Most American Indians, including Hindus, are Democrats. But some Conservatives see an opening with a population that prioritizes family life, marriage and education. As president, Trump hosted Diwali celebrations at the White House, and in April, the Republican National Committee announced a new Hindu-American Indian republican coalition. Indian Prime Minister Narendra Modi is a popular figure among a growing cohort of right-wing American Indians, who drew crowds of 50,000 when he appeared with Trump in Houston in 2019. Mr. Ramaswamy spoke last year at a gala organized by the US right-wing group HinduPACT, which is aligned with Modi’s style of nationalism.
Nikki Haley, another Indian-American contender in the 2024 primary, similarly emphasized her background as the daughter of immigrants. But although Ms. Haley was raised a Sikh, she converted to Christianity and now attends a large Methodist church in South Carolina. Bobby Jindal, a Louisiana Republican who ran for president in 2016, was raised a Hindu but described himself as an « Evangelical Catholic ».
Mr. Ramaswamy attends the same temple in Dayton, Ohio that he attended as a child and is still attended by his parents.
One of the temple’s priests officiated at his wedding in New York City in 2015. He, his wife, and their two young children attend the temple during the holidays and to celebrate special occasions, including their youngest son’s first birthday in early July , his wife, Dr. Apoorva Ramaswami, said.

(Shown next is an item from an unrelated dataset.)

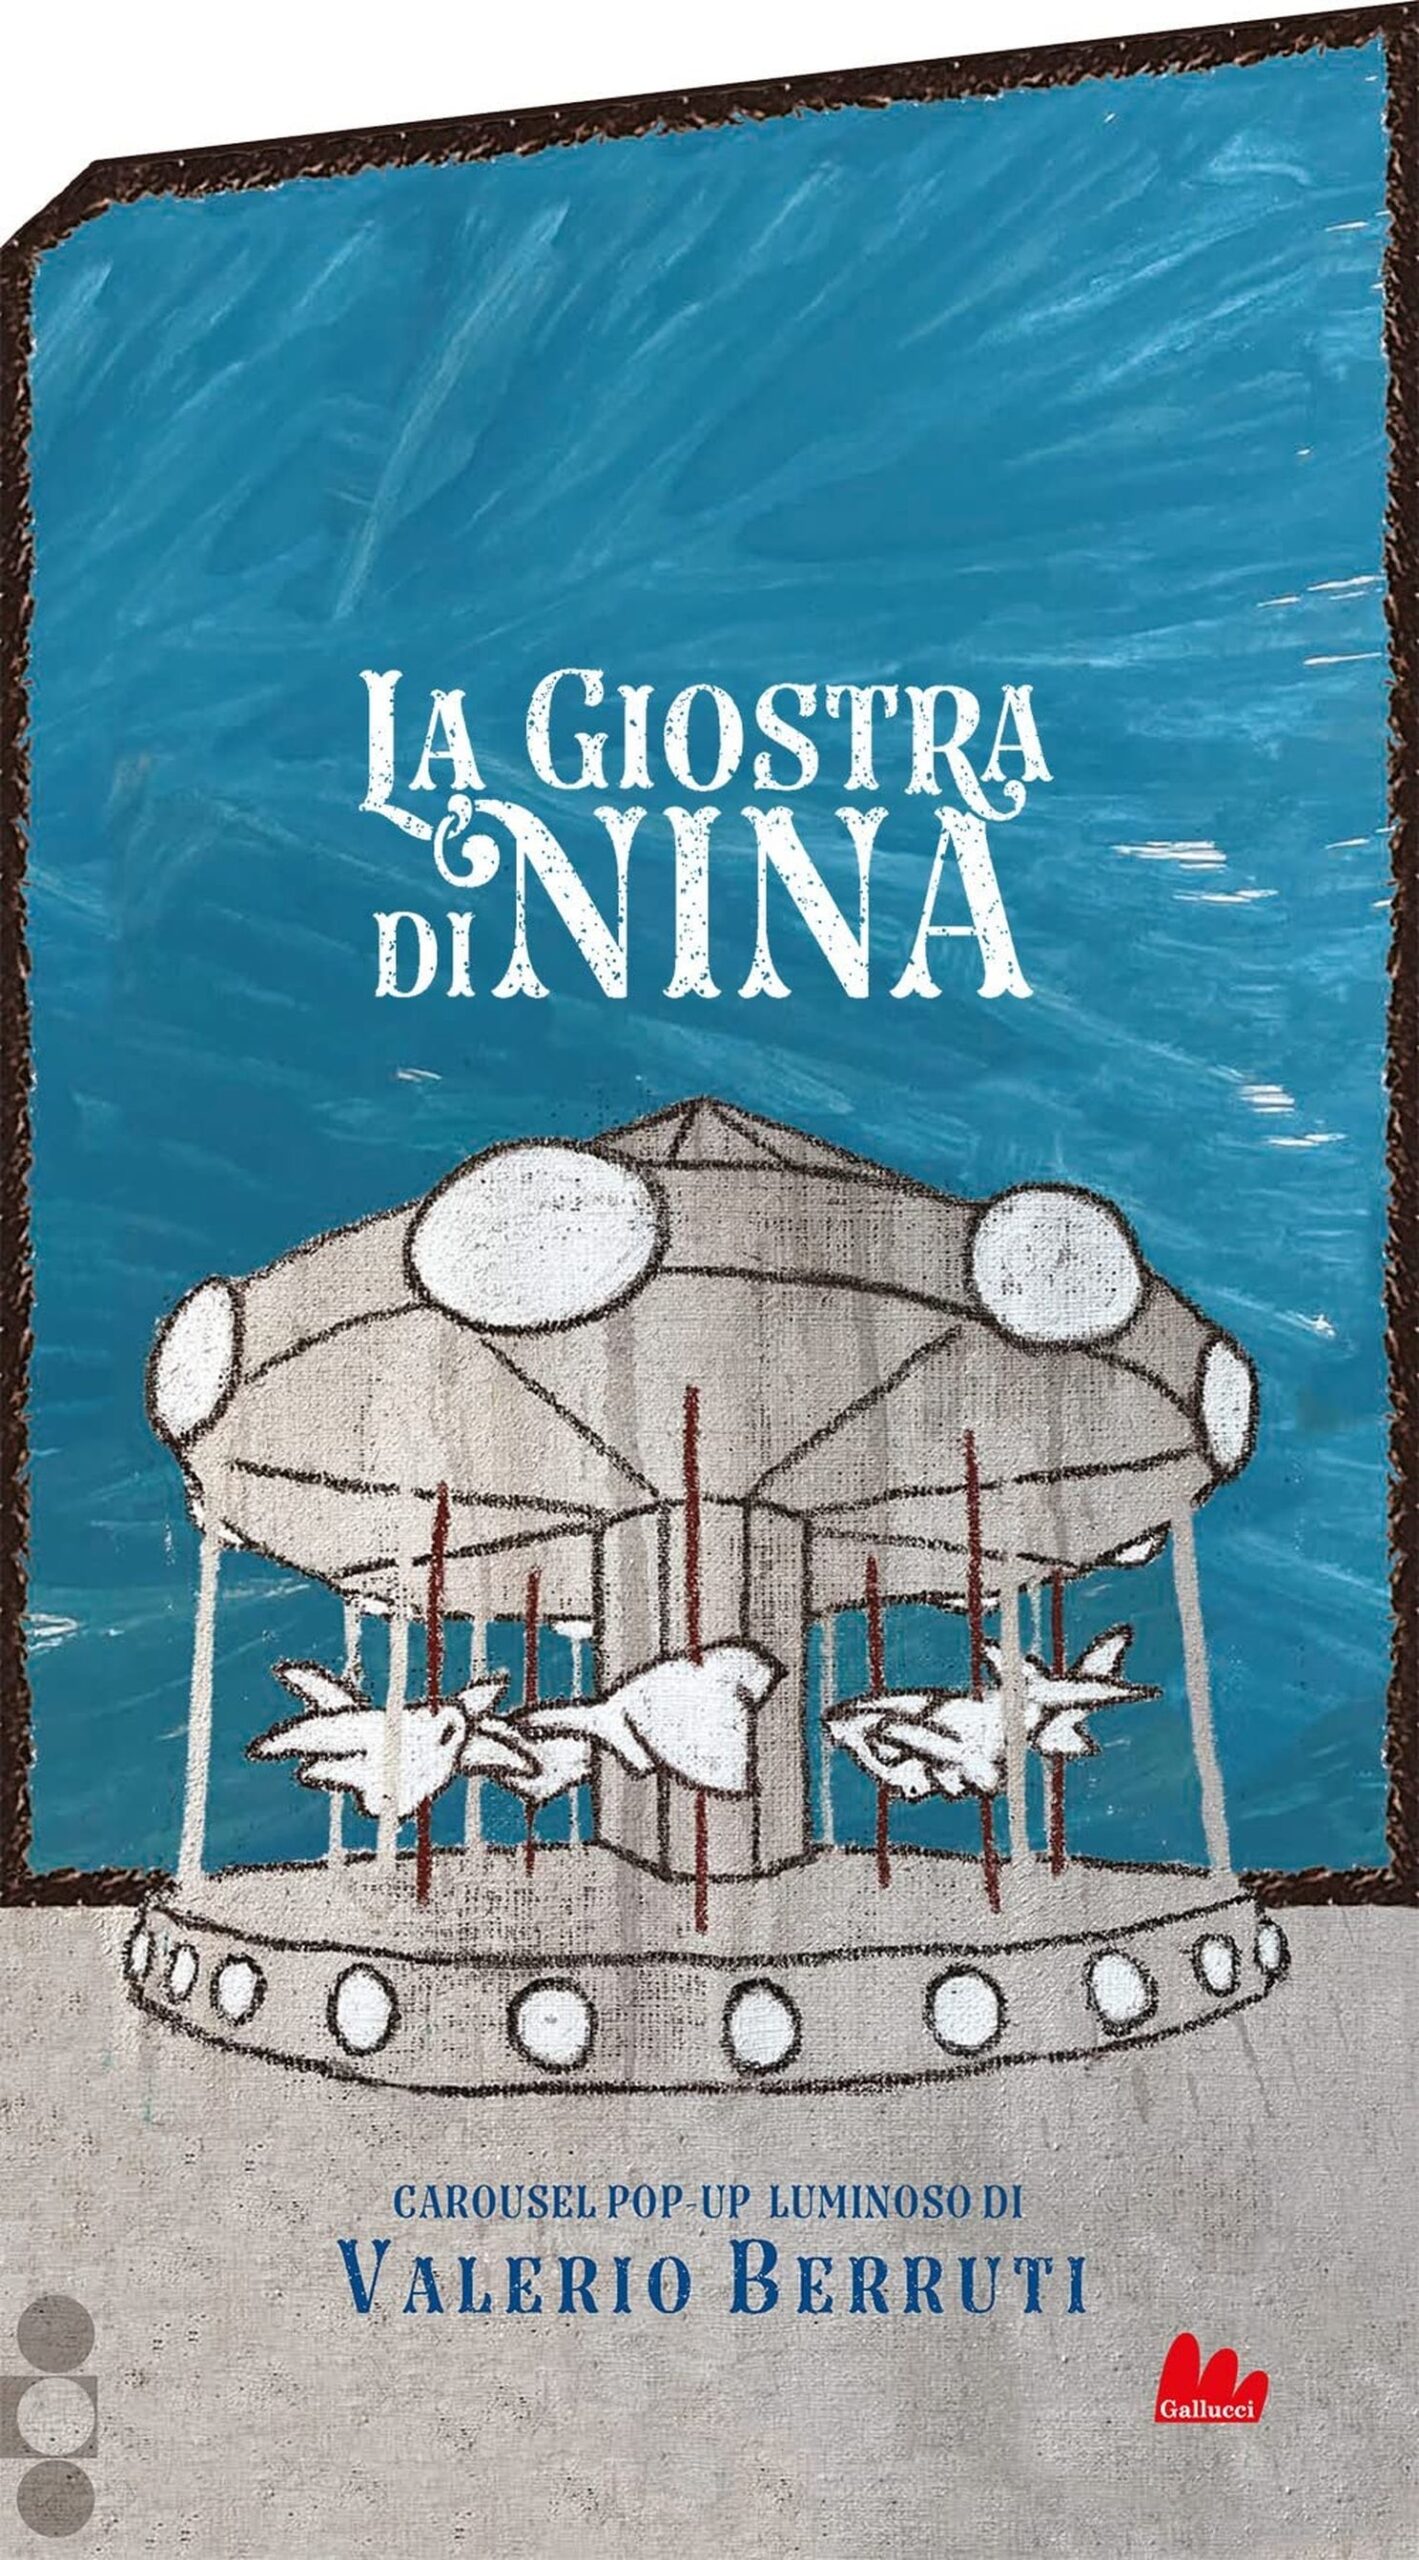 Valerio Berruti in collaborazione con Dario Cestaro – La giostra di Nina (Gallucci, Roma 2022)

Dr Ramaswamy, who discussed the family’s faith publicly during the election campaign, said there were more similarities between committed believers across traditions than between serious and nominal adherents within the same faith.
« The fact that we are believers, that we have that sense of humility, that we raise our children with real respect, awe and love for God – that’s so much more unifying than the name of the God that people pray to, » Dr. Ramaswamy said.
The question for her husband’s campaign is whether enough Christian voters will agree.
Ken Bosse, pastor of New Life Church in Raymond, NH, described himself as « an extreme follower of Jesus Christ » who, all things considered, would rather have a Christian in the White House. But he would be open to the right candidate who isn’t a Christian, noting that « we’ve had some professing Christians in that position who didn’t follow biblical principles. »
Mr. Bosse invited Mr. Ramaswamy to give a short talk at his church on a Sunday morning in April. He liked the candidate’s emphasis on reclaiming a positive American identity, he said, and his story as a self-made millionaire who is the son of immigrants.
At the moment, however, Mr. Bosse is leaning towards supporting Mr. Trump.